Reviews

Misalliance (Tabard Theatre)

A rare revival of George Bernard Shaw’s Surrey-set drama fails to make a strong case for the play

It’s easy to see why George Bernard Shaw’s Misalliance was a flop when it was first staged in 1910. Despite a rich array of eccentric characters and witty dialogue, this strange, uneven play never really gets its act together with its preposterous plot and scattergun explosion of ideas representing Shaw at his most whimsical.
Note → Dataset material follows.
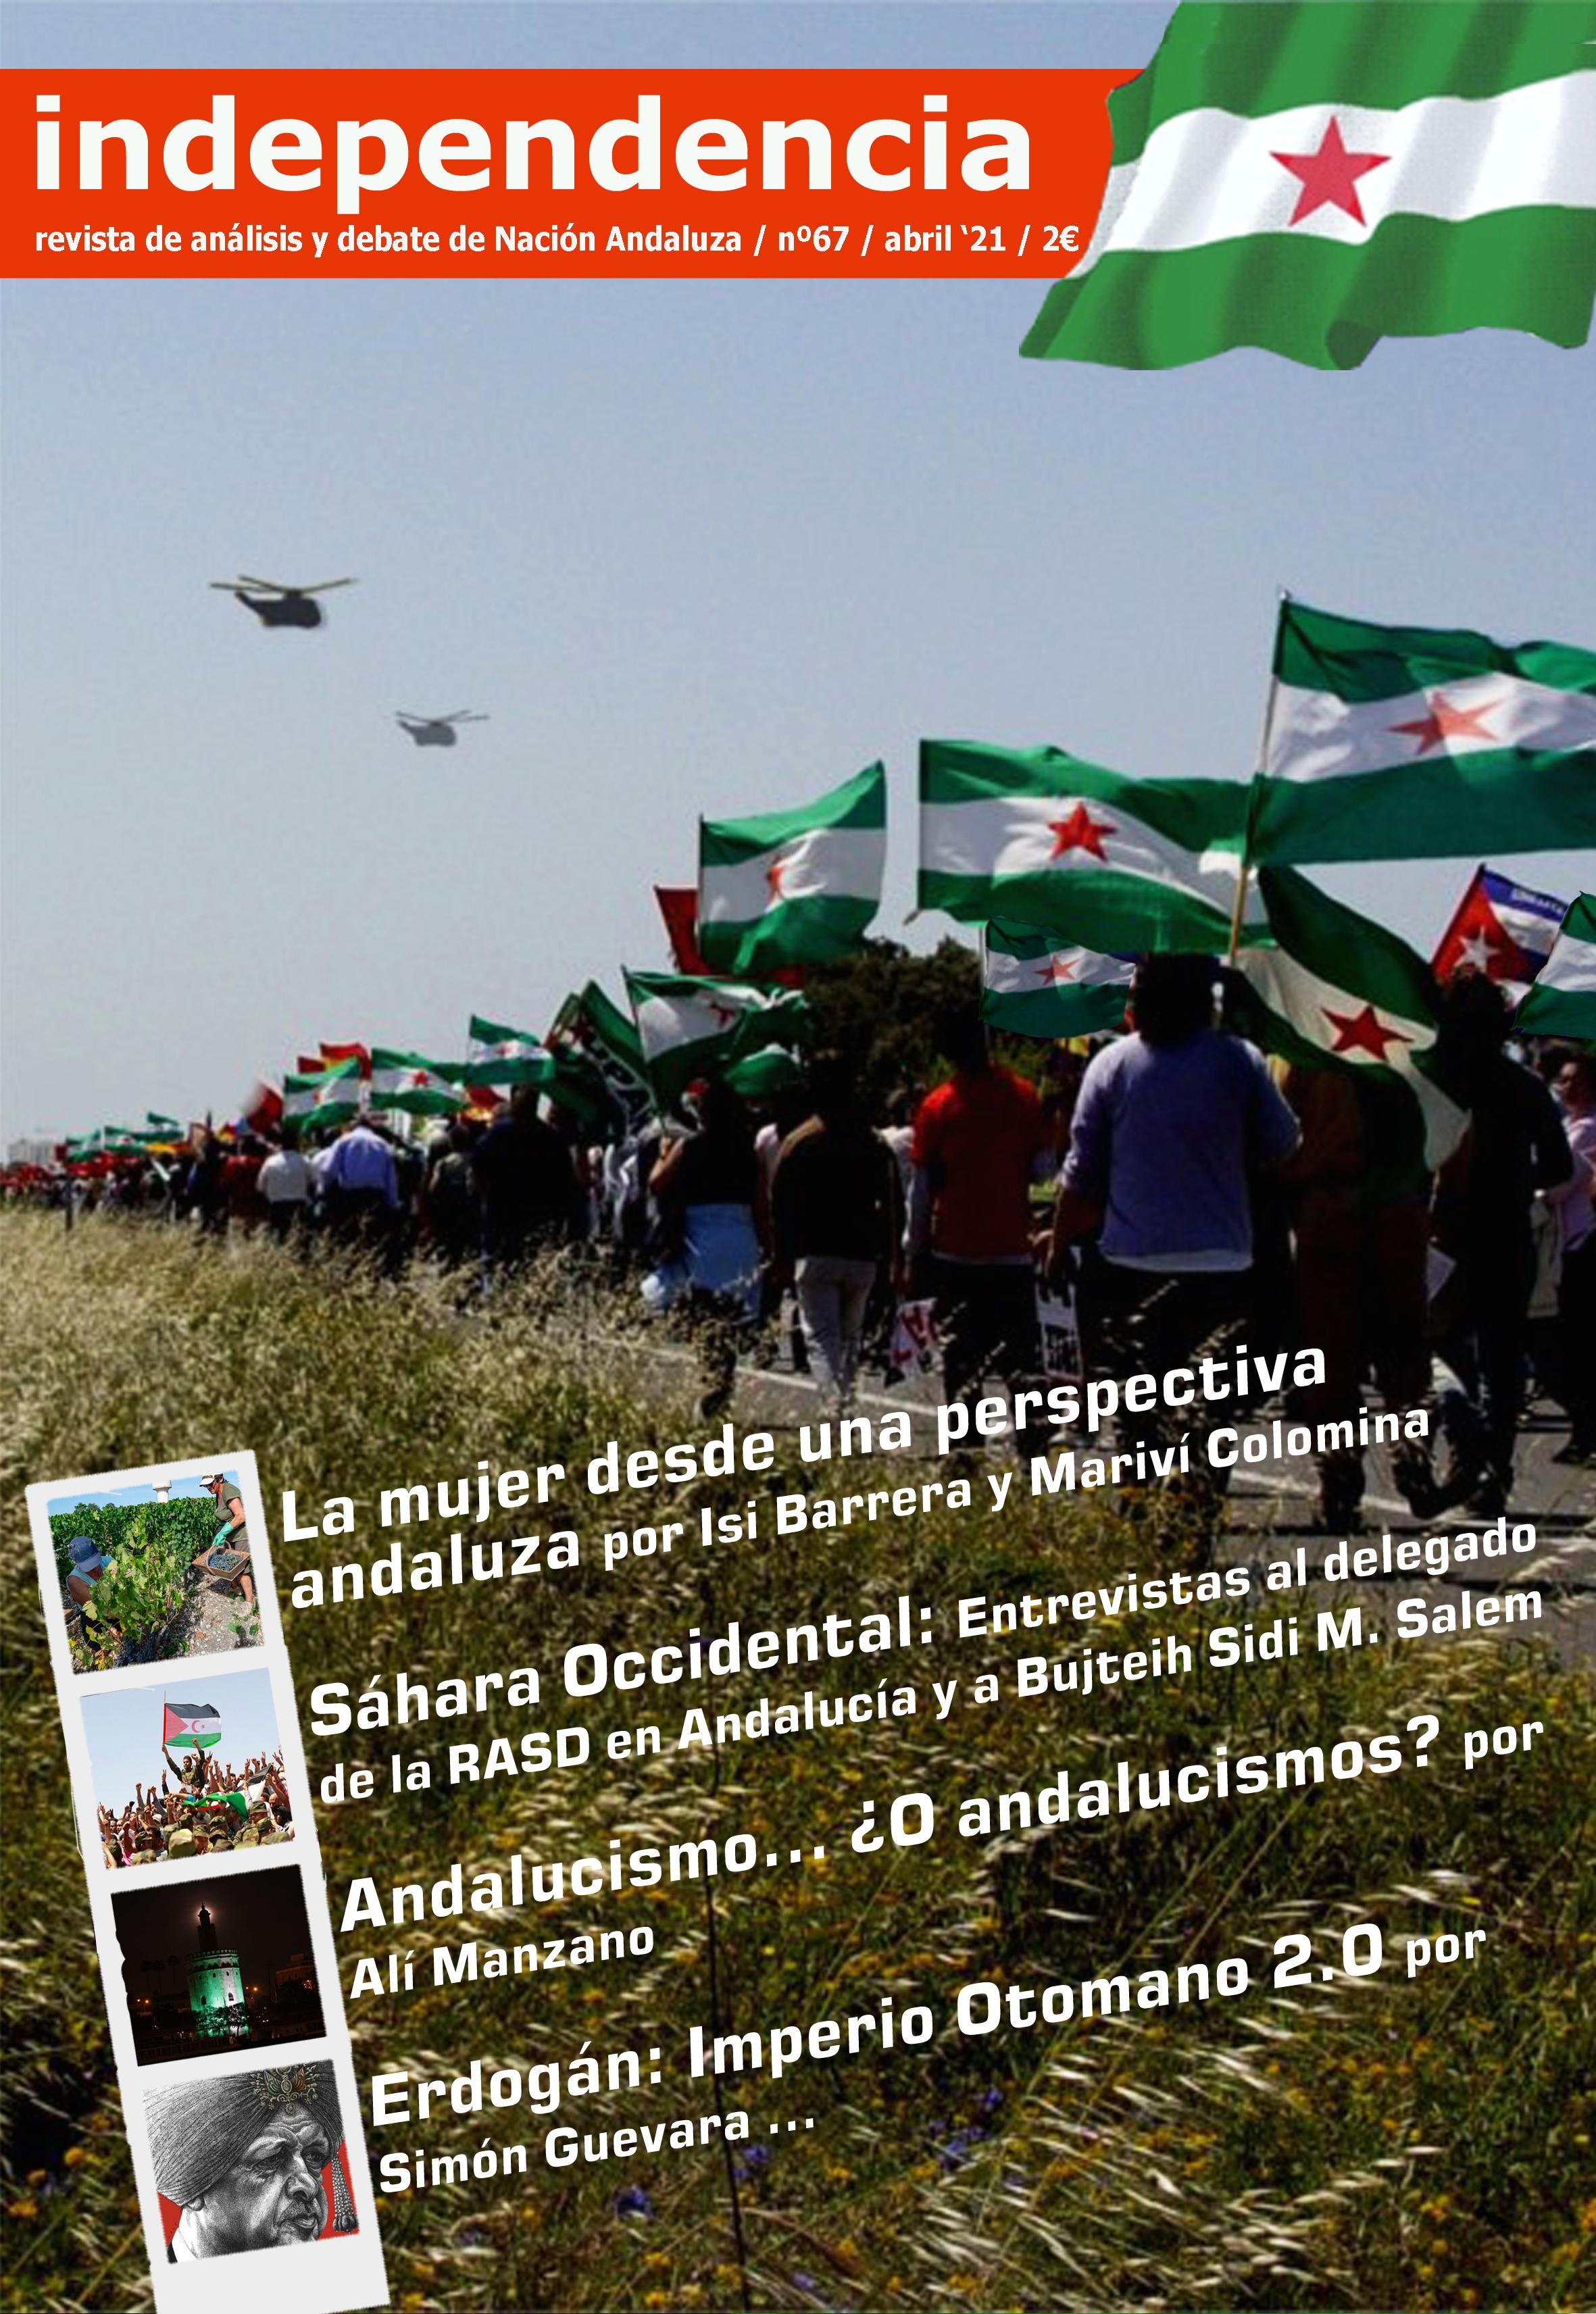 Ya está disponible el nuevo número de nuestra revista Independencia N°67

Apparently only the second professional revival in London (following the John Caird-directed RSC production in the 1980s, starring Brian Cox and Jane Lapotaire), this moderately entertaining production at the Tabard fails to make a convincing case that Misalliance is a lost Shavian classic.
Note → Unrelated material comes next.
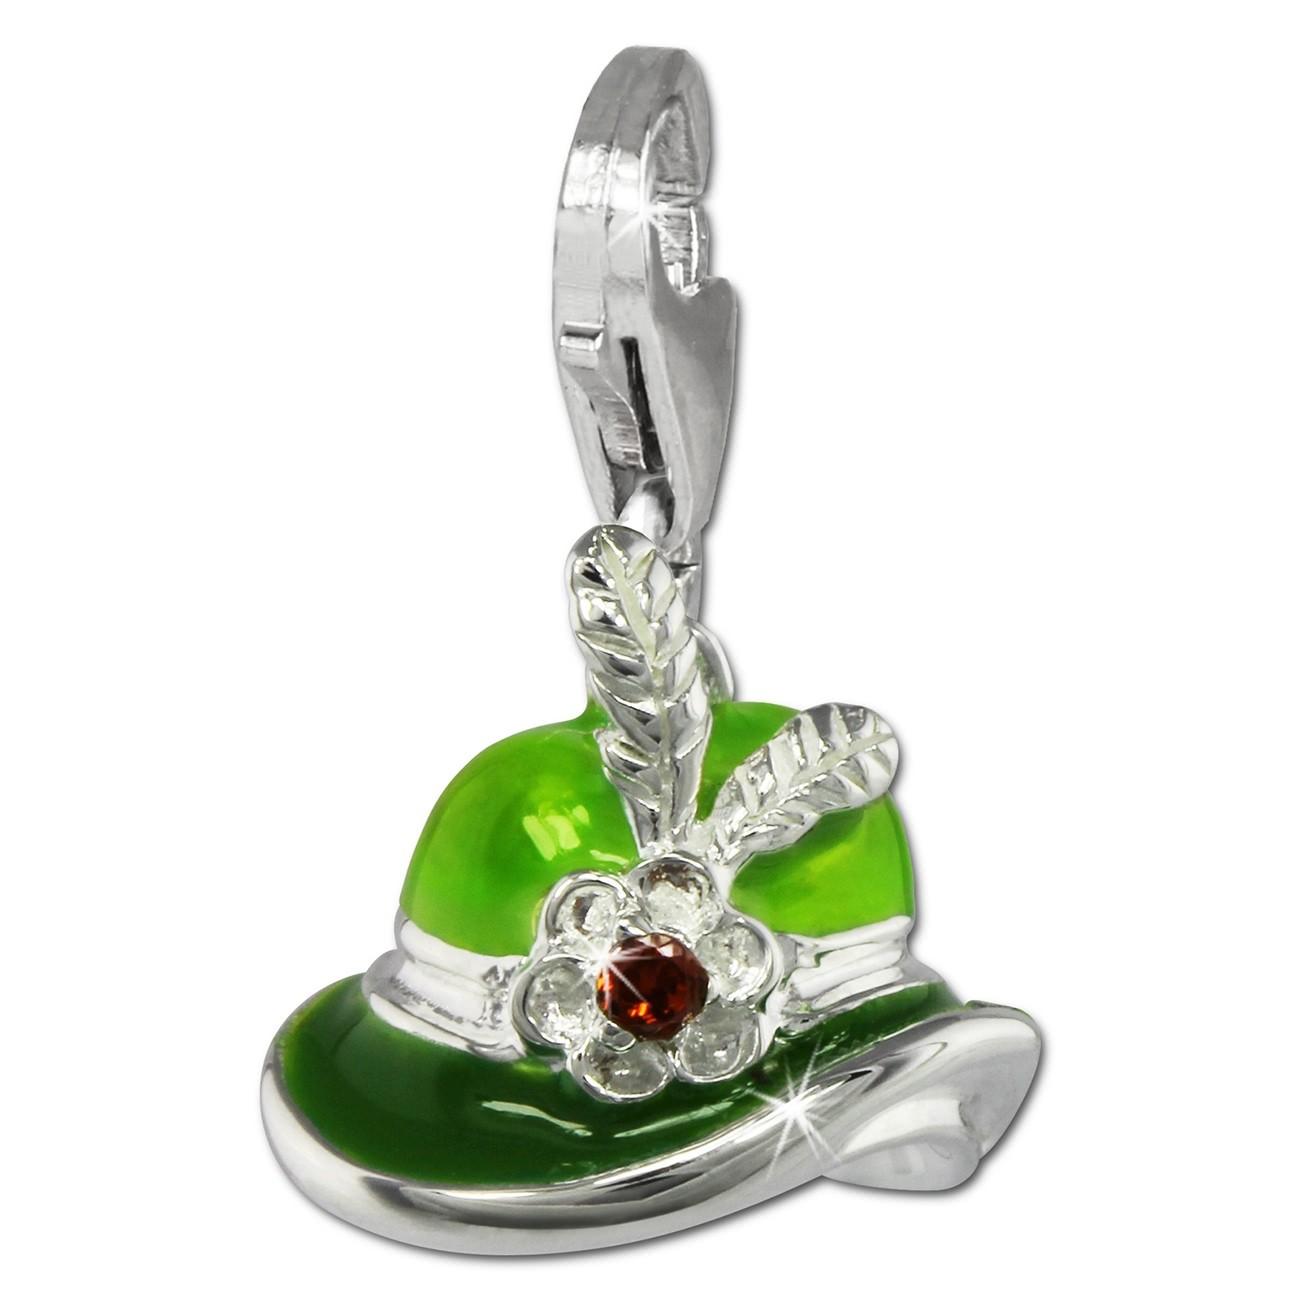 SilberDream Charm Damenhut grün 925er Silber Armband Anhänger FC861L

The play is set on one Saturday afternoon in the conservatory of a large country house in Surrey, home of the wealthy underwear manufacturer turned philanthropist John Tarleton. His daughter Hypatia, engaged to a clever but effete aristocrat called ‘Bunny’, longs for "adventure to drop out of the sky" – which it duly does in the form of an aeroplane crashing into the garden greenhouse. The charming, daredevil pilot and his glamorous female passenger – a Polish acrobat no less – shake up the stuffy bourgeois household, as does a young socialist clerk hiding in a portable Turkish bath, waiting to shoot the head of the family.
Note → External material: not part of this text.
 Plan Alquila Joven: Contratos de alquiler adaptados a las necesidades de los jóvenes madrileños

The play’s subtitle ‘A Debate in One Sitting’ aptly describes its rhetorical quality, where, as Hypatia says, everyone seems excessively engaged in "talk, talk, talk". Always a wordy playwright, this work does seem verbose even by Shaw’s standards, exploring a bewildering variety of ideas, especially around class, gender and generational relationships. There are misalliances not only in potential marriage arrangements, but in the clashes between the aristocracy and nouveaux riches, socialism and capitalism, freedom and materialism. Above all, Shaw takes pot shots at middle-class hypocrisy and propriety, without consistently hitting the target as he does in his better plays.

Following a rather dull, slowish start, Nick Reed‘s production gathers pace and interest after the farcical intervention of the three outsiders acts as a catalyst for other characters to express their inner desires.

Clifford Hume gives an amusingly outsized performance as the self-educated Tarleton giving out reading advice, with Roberta Mair as the wilfully rebellious Hypatia, Carrie Cohen as his warm-hearted but dotty wife and Stuart Walker as his crudely pragmatic son. James Taylor Thomas overdoes the self-centred hysterics of ‘Bunny’, embarrassing his self-possessed, ex-colonial administrator father, played by Toby Davies. Piers Hunt is the smooth-talking but not too gentlemanly pilot and Anna Marlene-Wirtz gives an attractively feisty independence to her Polish New Woman, while Rory Fairbairn’s downtrodden clerk ‘affirms his manhood’ with as much conviction as his red politics – rather too much hot air, which can also be said of the play itself.